→ Task statement
Starting at the line below that contains "menu for Paesan Kitchen & Bar" and ending at the line that contains "Coyote Crossfit Logo.png", retype each line exactly as it stands, but omit the pictures.

→ Data to process

******

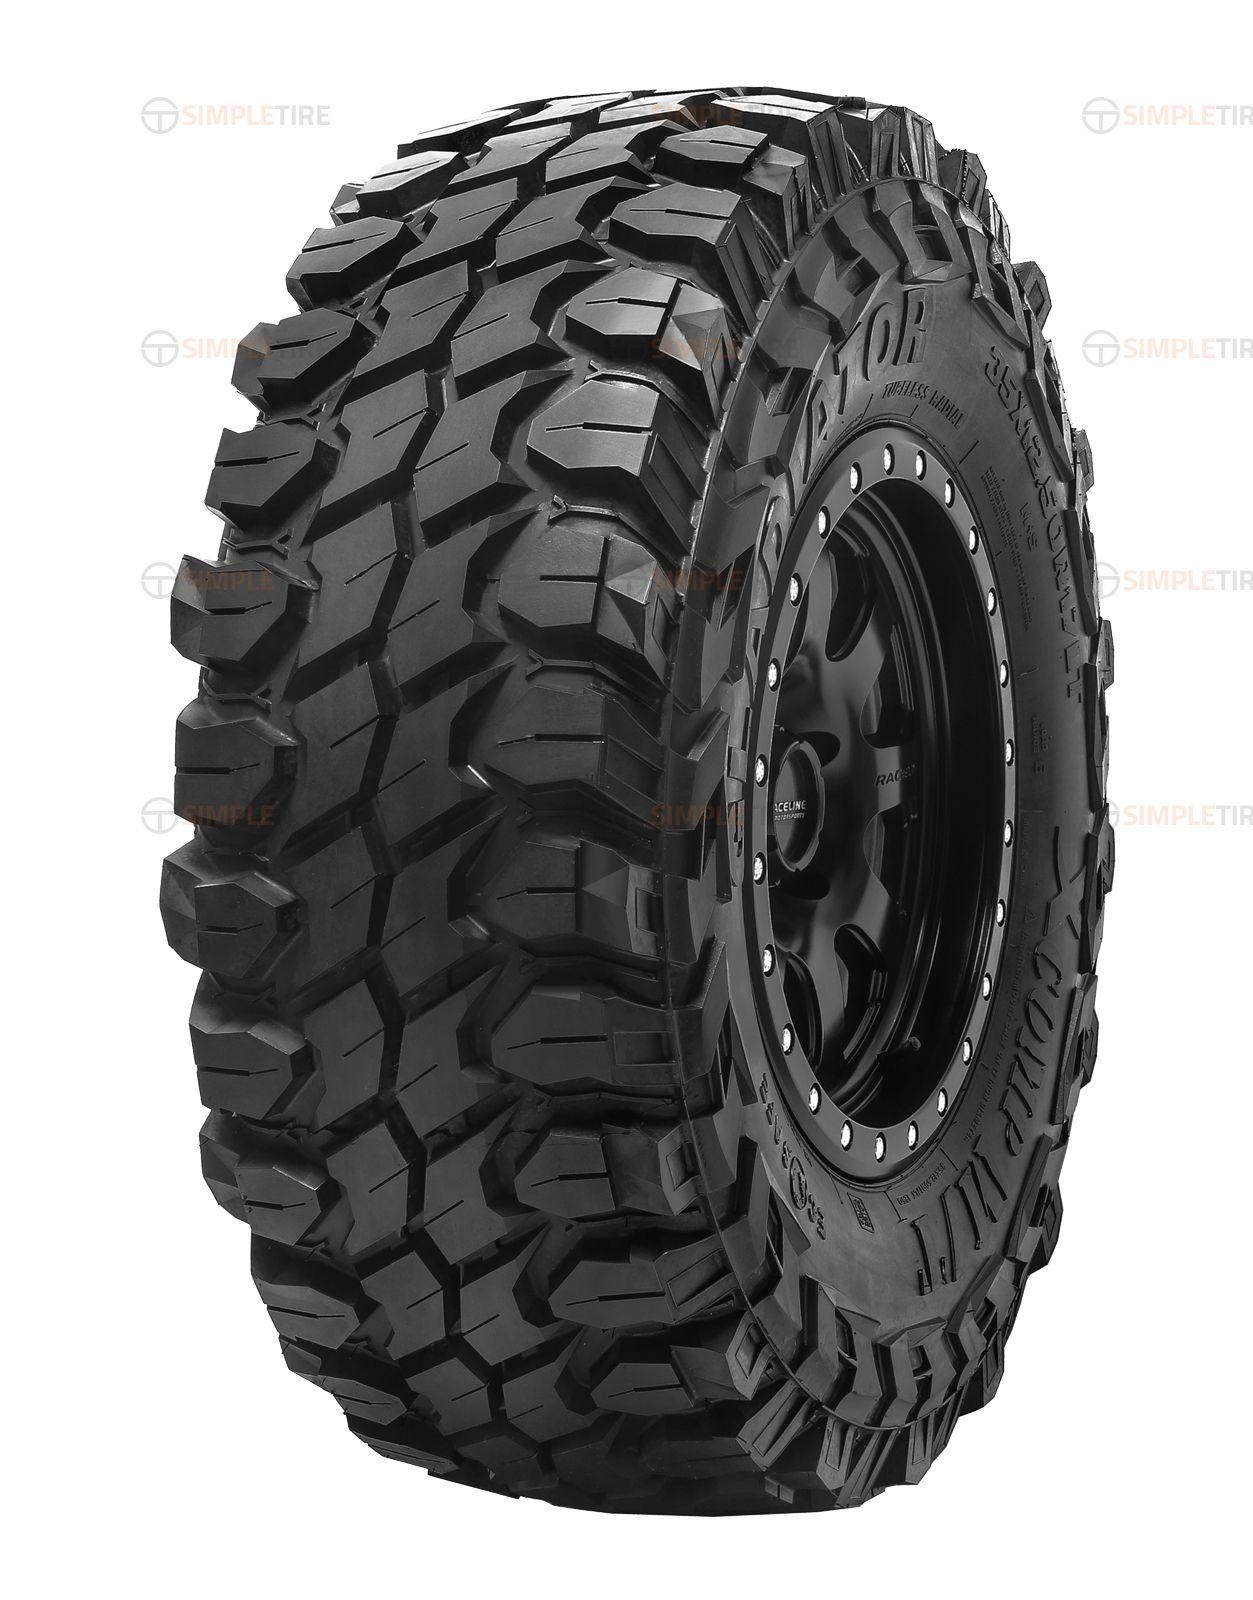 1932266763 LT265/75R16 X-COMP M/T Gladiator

******

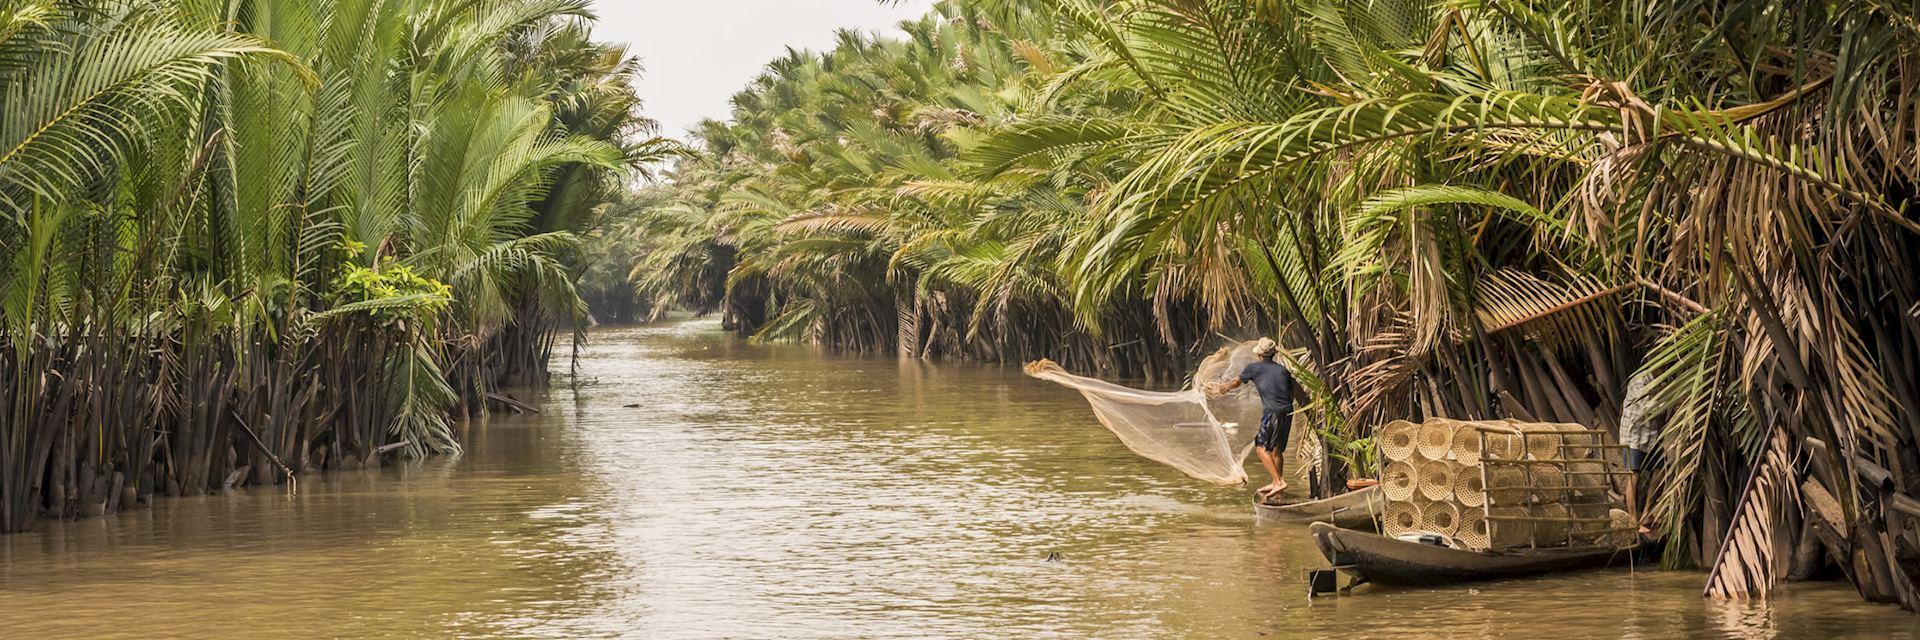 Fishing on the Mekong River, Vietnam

******

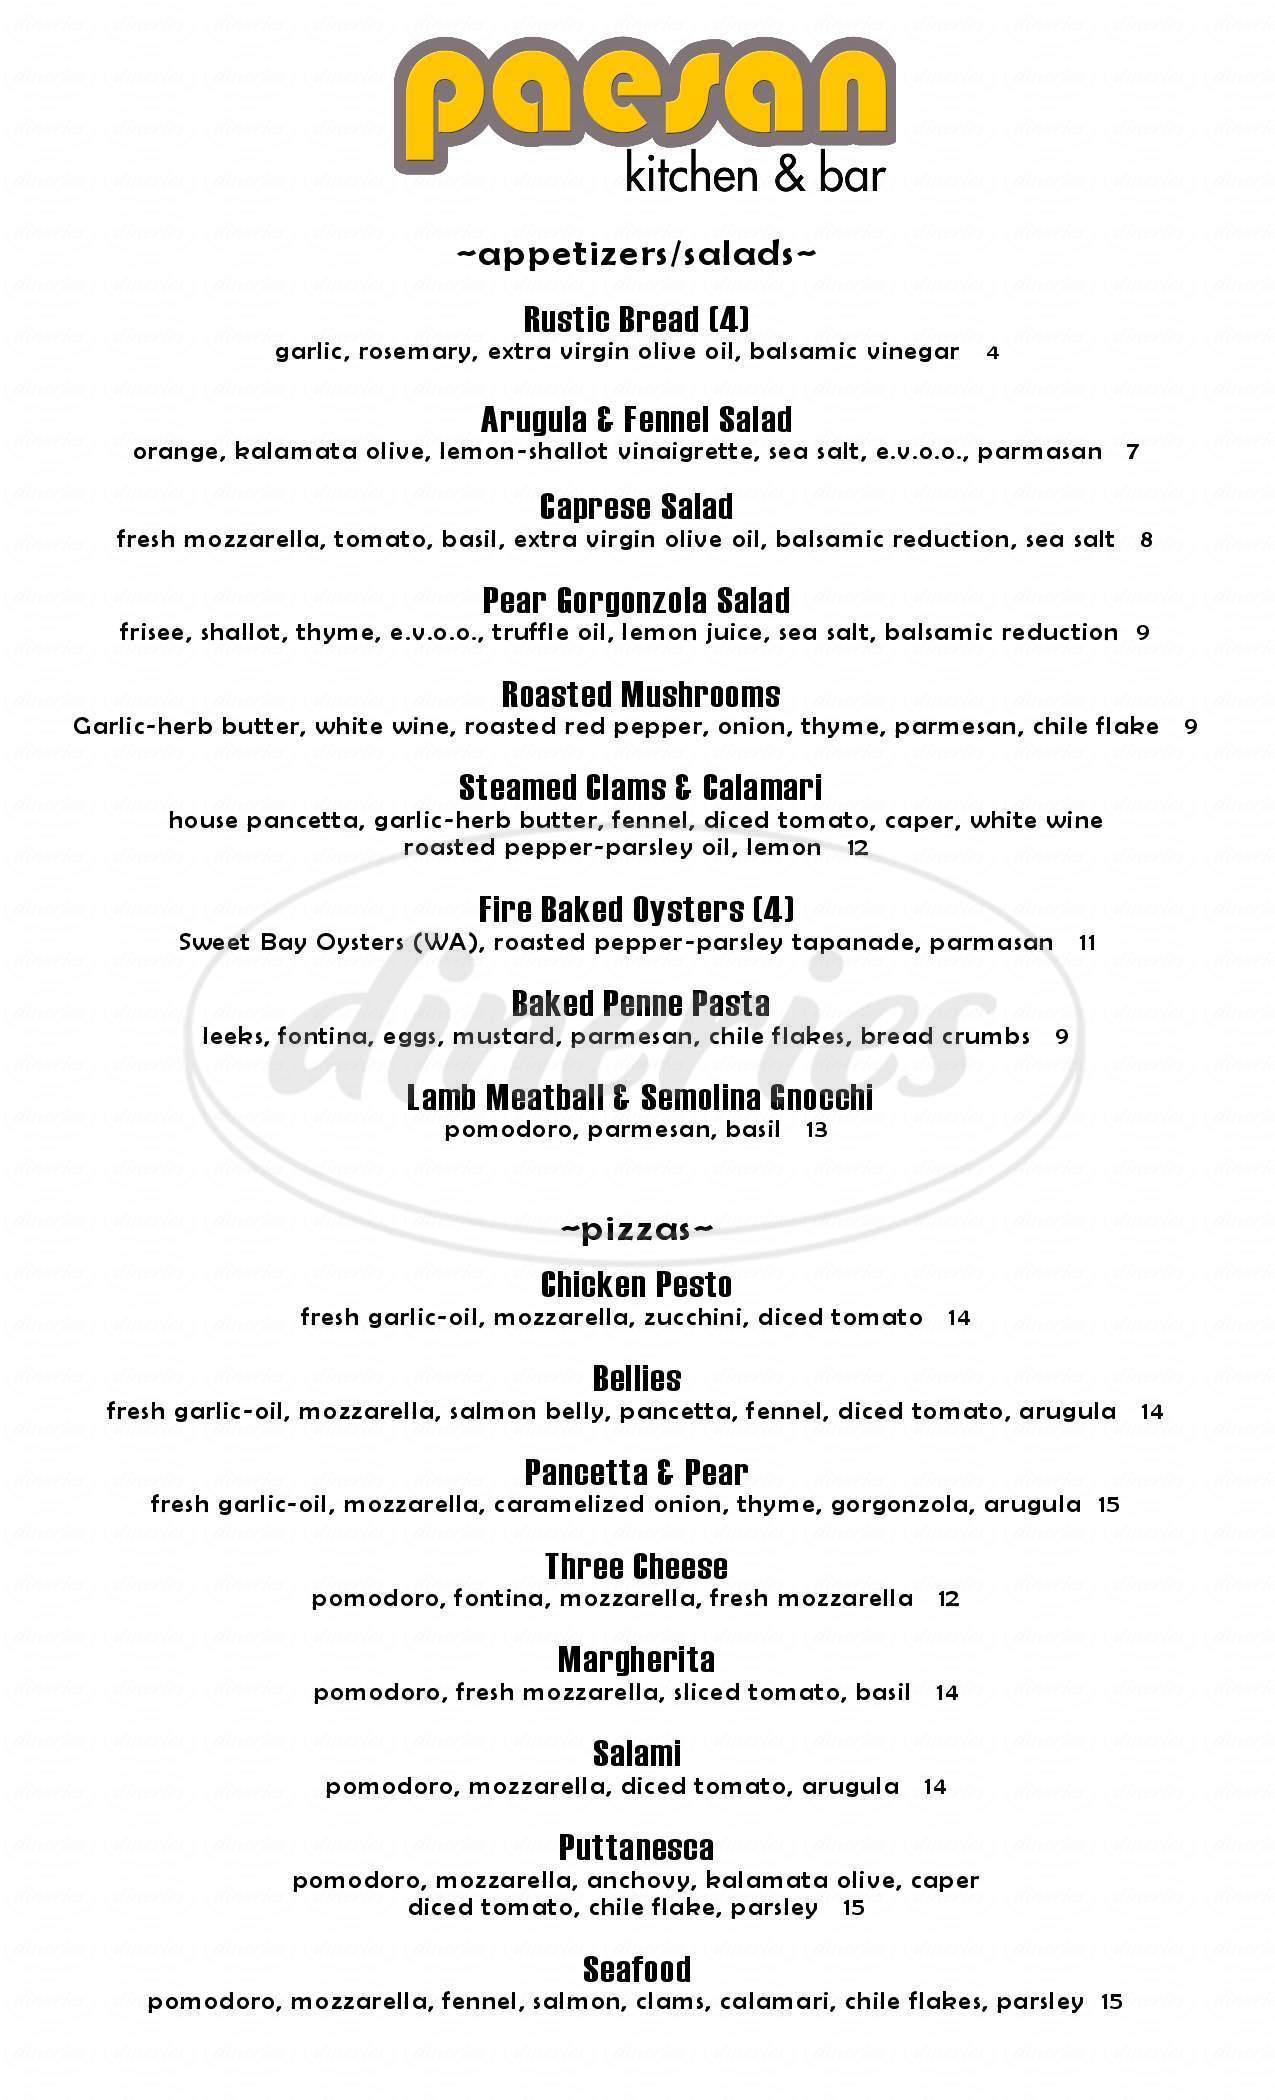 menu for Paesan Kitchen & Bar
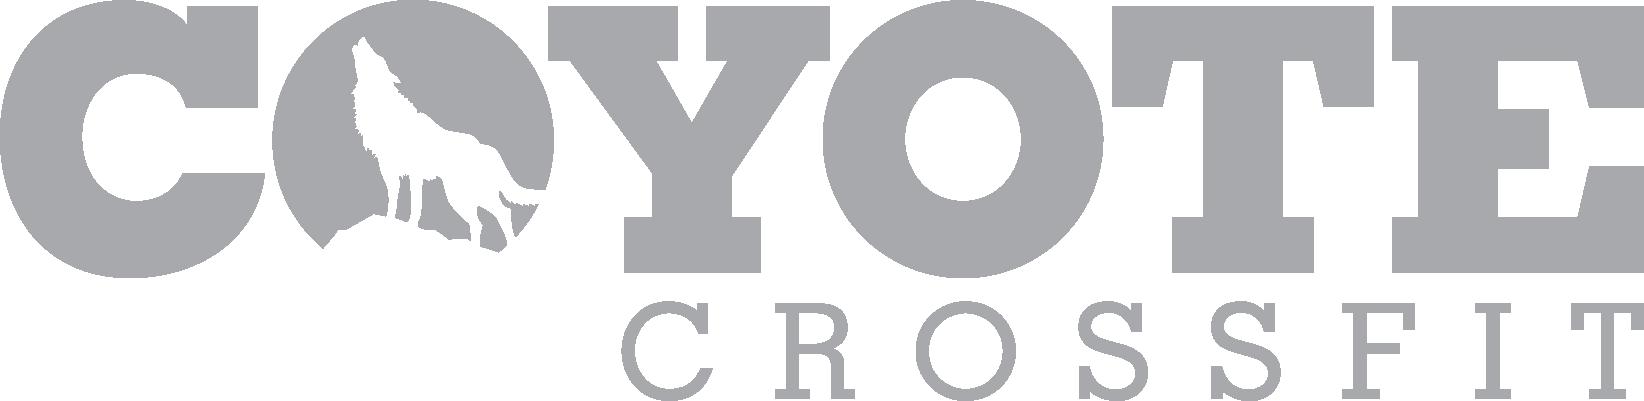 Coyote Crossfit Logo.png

******

→ Response to this task
 menu for Paesan Kitchen & Bar
 Coyote Crossfit Logo.png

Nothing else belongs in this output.